Recover the data? Theoretically perhaps, practically difficult. Not without developers with internals knowledge. That becomes a tradeoff between the value of the data, and the value of the time of a developer.

How did this happen? What kernel / ZFS version were you running when it happened? Did you have dedup and/or compression enabled? Were you creating/destroying datasets? This kind of information is useful for two reasons: (a) to help people identify what could be the root cause (which bug, which hardware failure), which might help you avoid the problem in the future; (b) to help others deciding how to run their system. For example, if you found this problem in FreeBSD version 314-PI, then I might decide to instead run version 2718-E. Or I might avoid using "squish" compression, and use "stomp" instead.


----------



## blind0ne (Dec 28, 2021)

Really, why I always hear "don't use software raid's", after such posts the "scare" is much more larger. On the other hand heard about few projects that already few decades or less running zfs and are fine as far as I "checked".
Don't know how lucky or smart you should be to run both variants, hope 'op' won't lost data.


----------



## grahamperrin@ (Dec 29, 2021)

ralphbsz said:


> … avoid the problem …



There's discussion of avoidance in two or more of the issues in GitHub.


----------



## tarkhil (Dec 29, 2021)

diizzy said:


> One of your drives seems dead?


Long ago, that's not THE problem.


ralphbsz said:


> Recover the data?
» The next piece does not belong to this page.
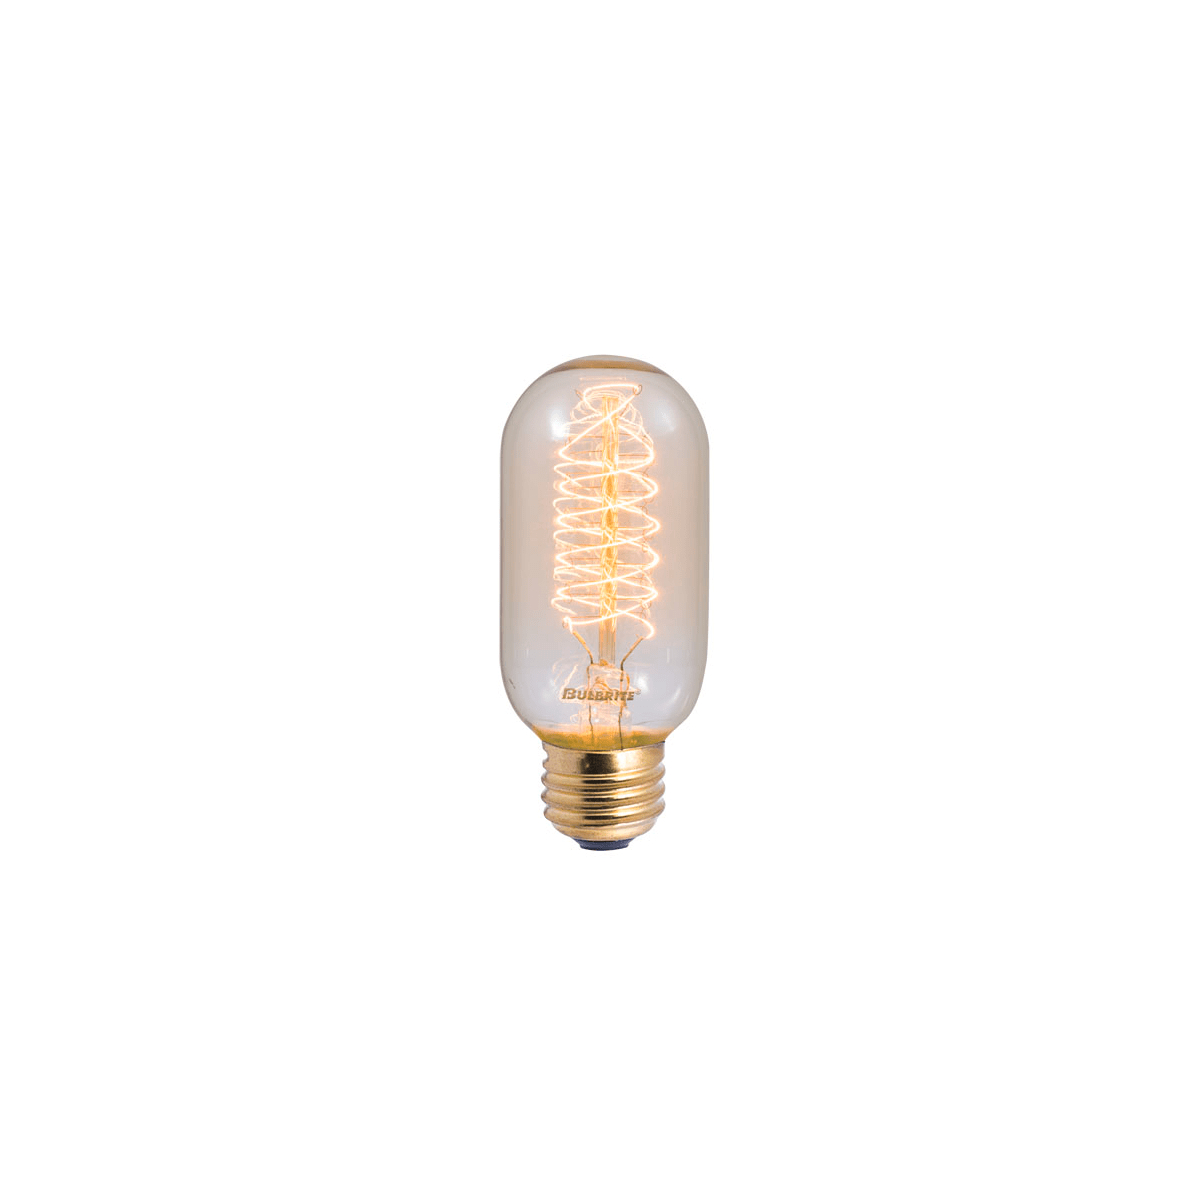 How Many Lumens Is A 40 Watt Incandescent Bulb

Theoretically perhaps, practically difficult. Not without developers with internals knowledge. That becomes a tradeoff between the value of the data, and the value of the time of a developer.
> 
> How did this happen? What kernel / ZFS version were you running when it happened? Did you have dedup and/or compression enabled? Were you creating/destroying datasets? This kind of information is useful for two reasons: (a) to help people identify what could be the root cause (which bug, which hardware failure), which might help you avoid the problem in the future; (b) to help others deciding how to run their system. For example, if you found this problem in FreeBSD version 314-PI, then I might decide to instead run version 2718-E. Or I might avoid using "squish" compression, and use "stomp" instead.
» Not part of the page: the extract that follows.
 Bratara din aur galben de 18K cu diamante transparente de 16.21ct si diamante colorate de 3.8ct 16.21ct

FreeBSD 13.0, no dedup, comression, can't recall if it was lz4 or zstd. I've thought of trying FreeBSD 12.2 to read the pool, yes. 


blind0ne said:


> Really, why I always hear "don't use software raid's", after such posts the "scare" is much more larger. On the other hand heard about few projects that already few decades or less running zfs and are fine as far as I "checked".
> Don't know how lucky or smart you should be to run both variants, hope 'op' won't lost data.


The problem is not in software raid. zfs somehow exploded. I was able to import one pool, but that was boot one, so data on it are of very little value.


grahamperrin said:


> There's discussion of avoidance in two or more of the issues in GitHub.
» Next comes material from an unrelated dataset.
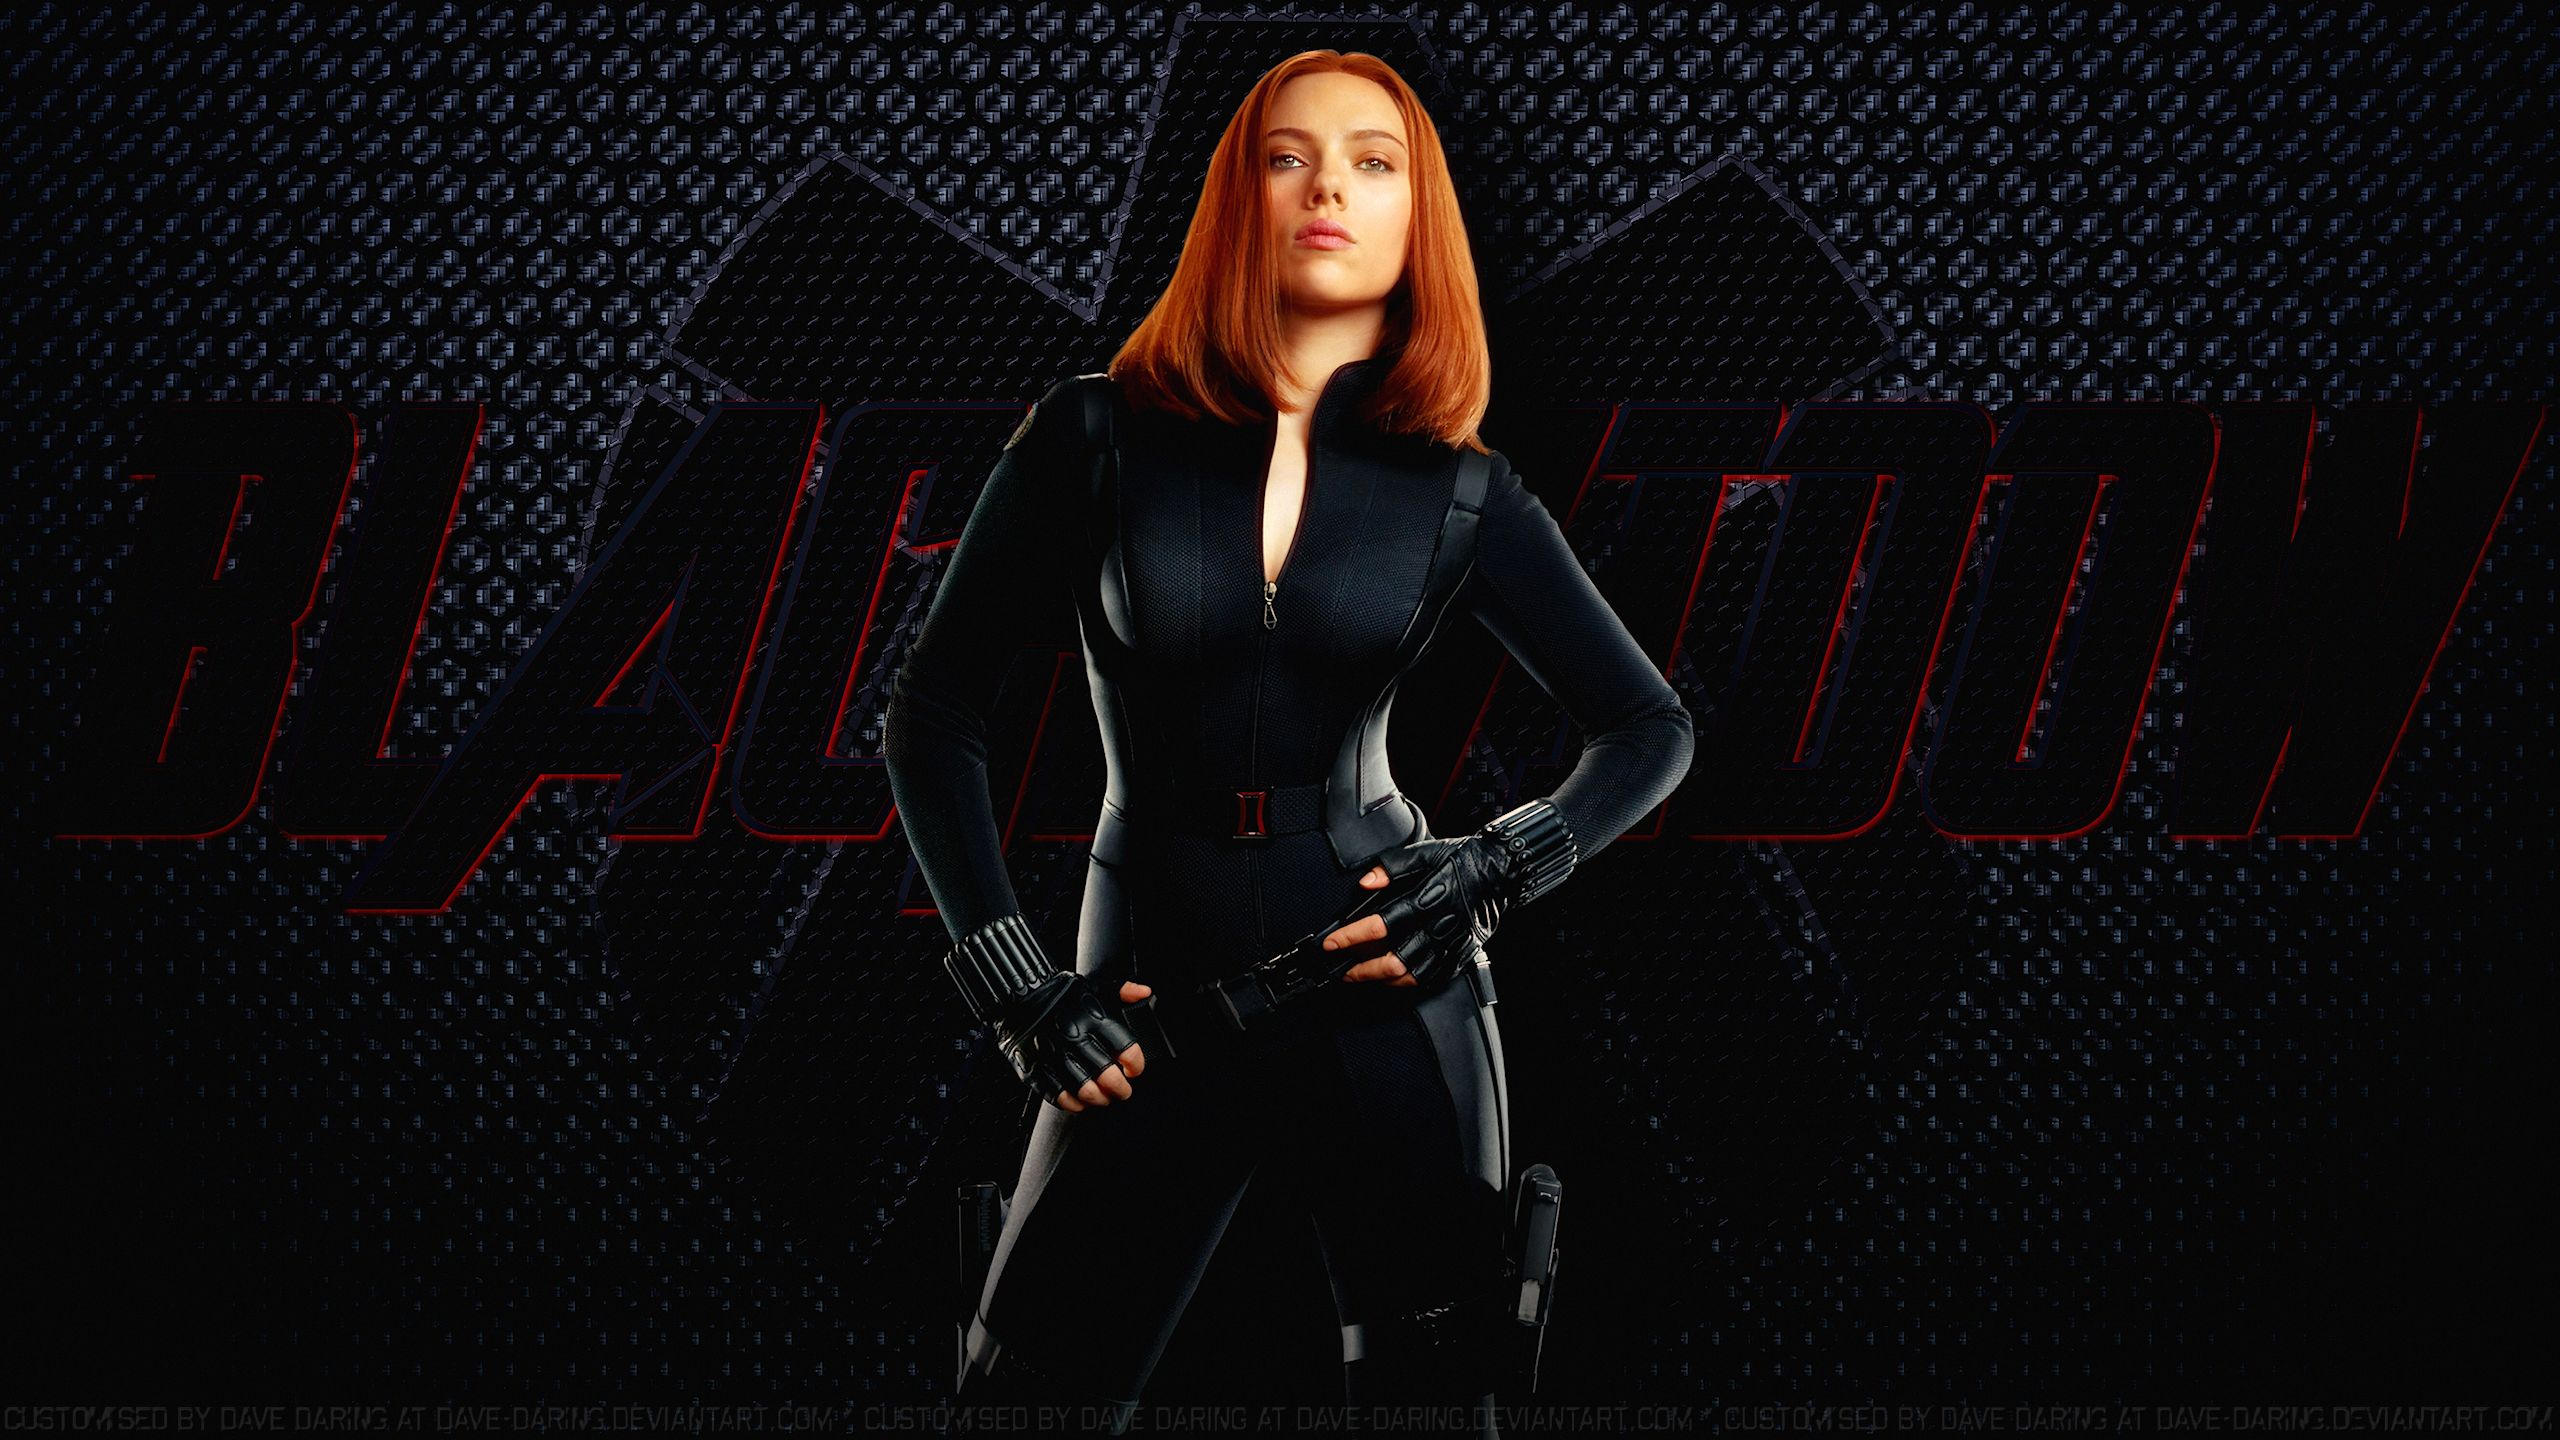 Scarlett Johansson Black Widow XVIII by Dave Daring on

Avoid the problem is the best solution. Can I rent your time machine?


----------



## tarkhil (Dec 29, 2021)

`/usr/local/sbin/zdb -u -l /dev/vtbd1p3 > /root/uber.txt`

shows a pretty nice uberblocks. After panic pool seems to be a bit more alive.

Now I'll try txgs as listed in zdb -u output


----------



## grahamperrin@ (Dec 29, 2021)

tarkhil said:


> Can I rent your time machine?



;-) the avoidance advice was intended for other readers.



grahamperrin said:


> `zfs --version`
> `sysrc -f /boot/loader.conf zfs_load openzfs_load`
> `uname -aKU`



Compare with <https://forums.freebsd.org/threads/...s-freebsd-13-0-release-use.81726/#post-548577>



tarkhil said:


> … Looking for *help from ZFS developers*.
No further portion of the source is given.